# Five thugs walk into a bar



## corwyn77 (Sep 11, 2011)

So I'm finally starting up my wotbs campaign and I was looking for an interesting way to involve each of them in the first encounter.

My PCs are:

Elf Avenger/Wizard - easy enough, discovering Torrent while looking for a way out of town

Eladrin Warlock/Executioner resistance member - even easier, on assignment

Orc Fighter/Cleric - cursed by visions from Tiamat (ironic given the changes made to the adventure path by one of the posters on these boards) and looking for a cure. One attempt at a cure 'gifted him with divine powers. Likely to look for a violent solution first.

Halfling Rogue/Bard failed (badly) merchant now turned to adventuring

Human Warlord (gladiator theme) morally ambiguous with a bad temper and new to the city.

All are local aside from the warlord. All, again aside from the warlord, are effectively hybrid. 

The warlord may be the toughest since the rest of my players tend to be fairly heroic plus he's new to the group so something of a loose cannon as to how he'll react.


----------



## OnlineDM (Sep 12, 2011)

The cursed Fighter/Cleric could be hoping to find help at the Lyceum and therefore is recruited by Torrent since she's looking for people to go there.

The failed merchant can be looking for a change of scenery, getting out of Gate Pass - again, ripe for recruiting by Torrent or one of the other PCs.

The warlord... sigh. I always struggle with people who want to play "morally ambiguous" characters. Could he have perhaps been recruited as muscle? Maybe Torrent sees some potential in him to be channeled to the side of good and has made him a project - get this guy on the straight and narrow so he can help Seaquen!


----------



## corwyn77 (Sep 14, 2011)

that parallels what I ended up doing with the first two - the orc basically volunteered because Lyceum is probably his best hope for a cure and the merchant, well having recently arrived prospects aren't much better here.
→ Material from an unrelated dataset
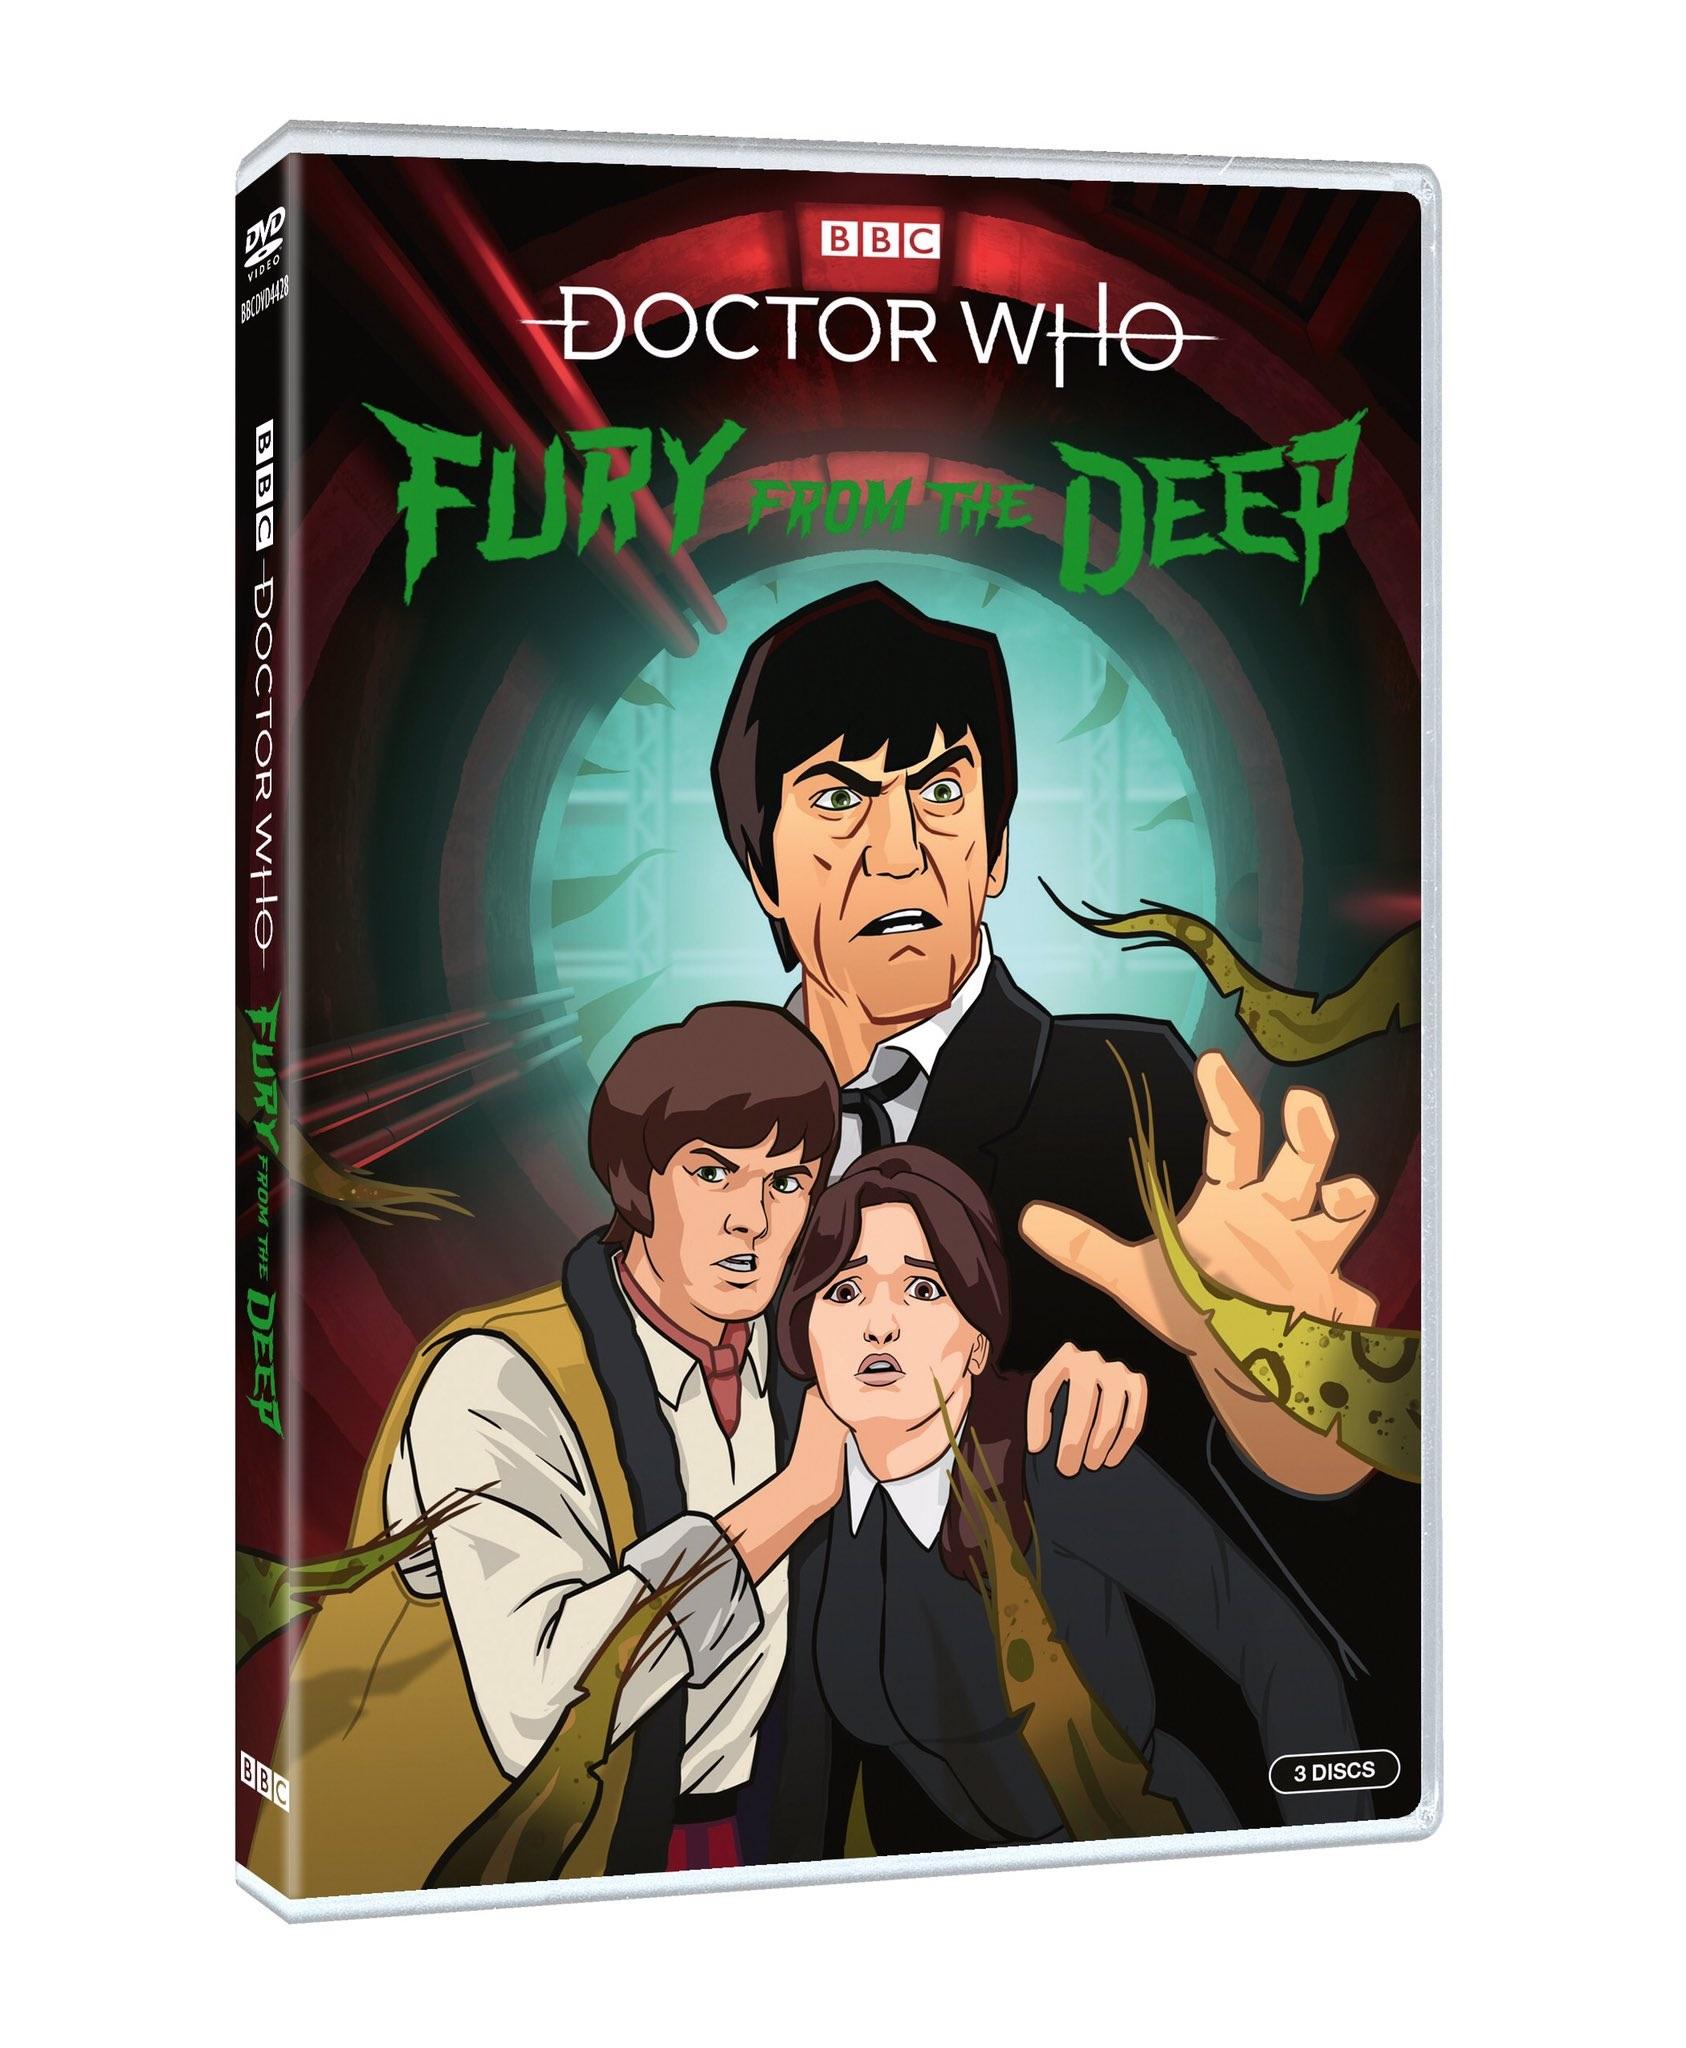 Fury-from-the-Deep-DVD-Blu-ray.jpg?w=1686&ssl=1

I'm at a bit of a loss for the Warlord, both because of his morally ambiguous and because he's a new player so I'm not sure how to motivate him. I didn't want to set a precedent of 'hiring' one of the characters and not the others. In the end, I stole an idea from one of the game write-ups on these forums and had him invited by accident, meant for someone else. He assumed at the time that it was an invite to meet a contact for some underground fight club.

So far it's working and he's tagging along, presumably because there's no future for an independent gladiator in a city about to go to war. The player isn't using it as an excuse to be a jerk so for now I'll just concentrate on group motivation and hope for the best. And yeah, Torrent will definitely try to work some 'last best hope' magic.


----------



## Artur Hawkwing (Sep 14, 2011)

Hmm. The delivered by mistake invitation can always turn out to not be truly a mistake. But some entity (or entities) manipulating the situation from safely behind the scenes who perhaps sends someone to the warlord to explain to him what is going on or being asked of him, he learns that he message was meant to bring him to this point safely, and bringing him with the others provided him protection to insure his safe arrival. 
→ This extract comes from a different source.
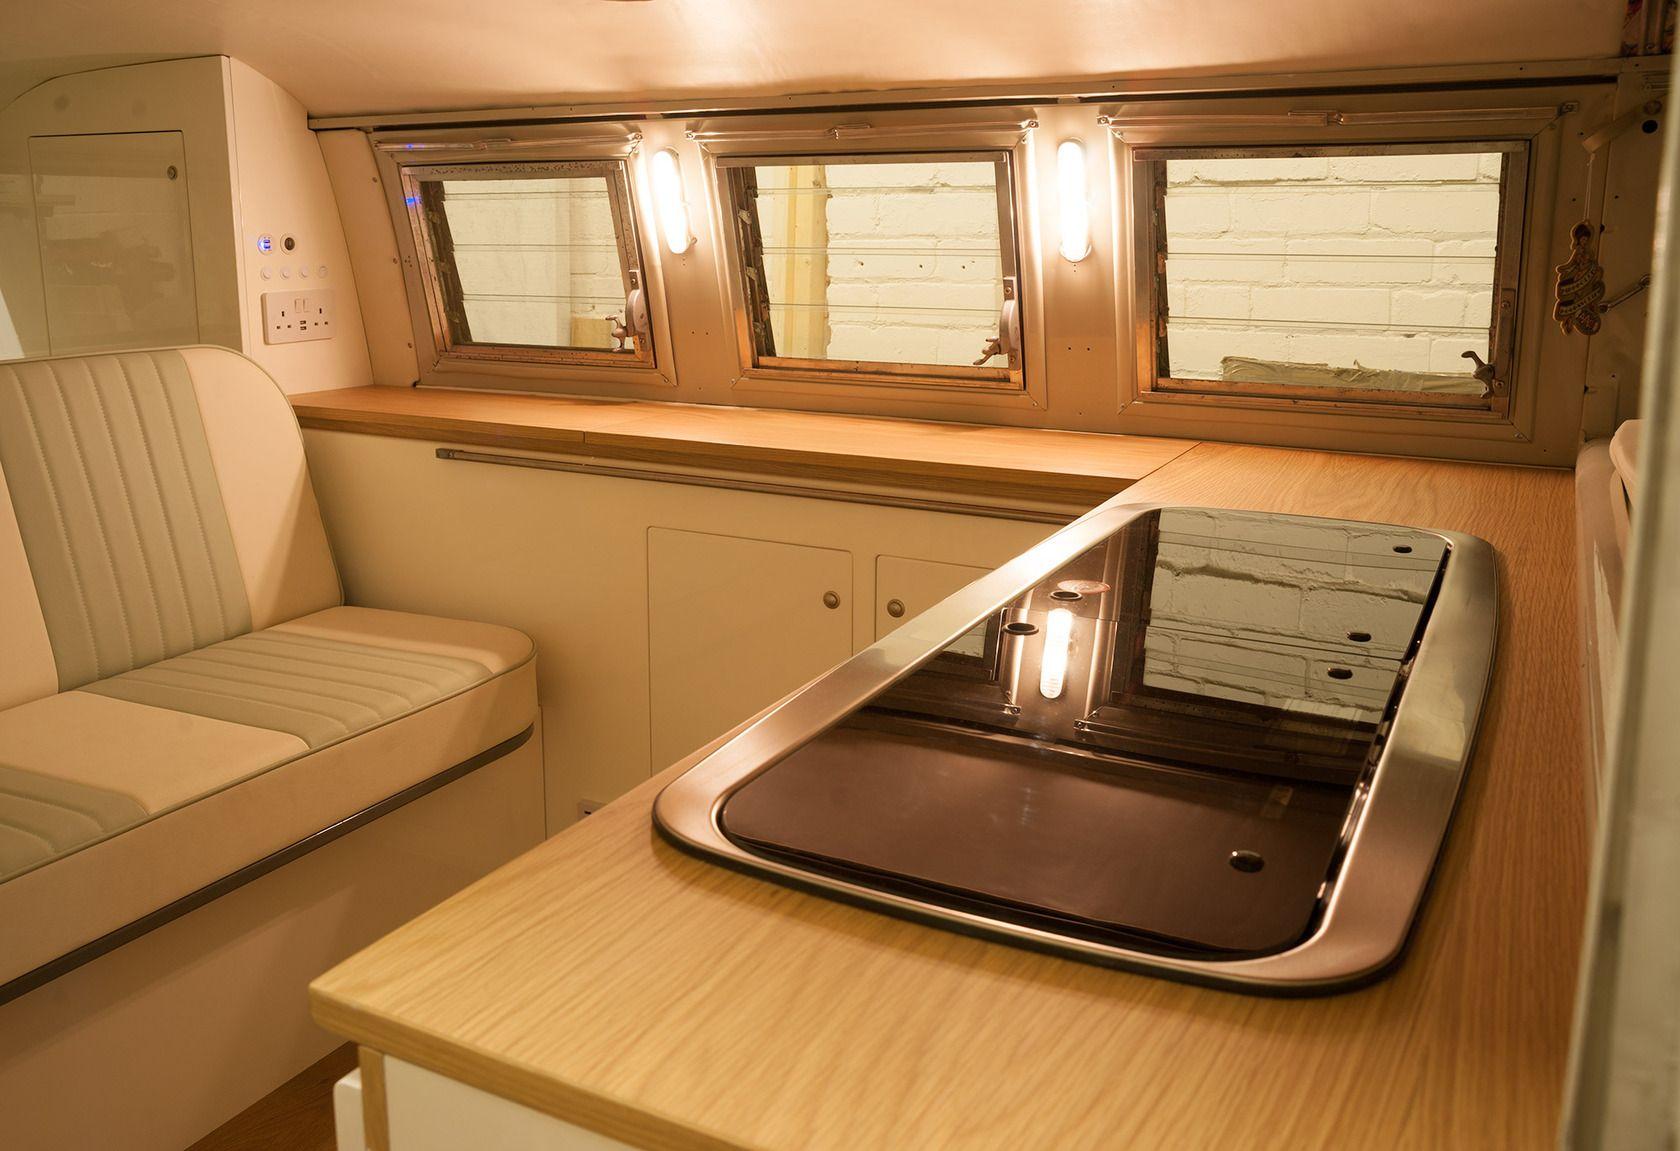 Dubteriors vw splitty interior kombi interior ideas for Kombi van interior designs

However, before he can learn the rest of the story, they are interrupted (an attack, a riot, any number of things) the messenger either tells him to remain with the others and they will come back, or, if you want to add some intrigue, is killed by an assassin's crossbow bolt through the neck. Not before the messenger can tell him that if anything goes wrong, he should remain with his traveling companions until another contact can locate him.

It could then be a load of fun to weave this little story angle into the tapestry with the story/stories for the others, intertwined at the hip far before they ever realized it.

The Wheel Weaves As The Wheel Wills.

-AHW


----------



## jeffh (Sep 22, 2011)

The "loose cannon" is going to need to learn to work with others if he is to be at all effective as a Warlord... might be a good opportunity for roleplaying and character growth. There's a bard in my current 4E group who is (intentionally on the player's part) going through an arc like that.


----------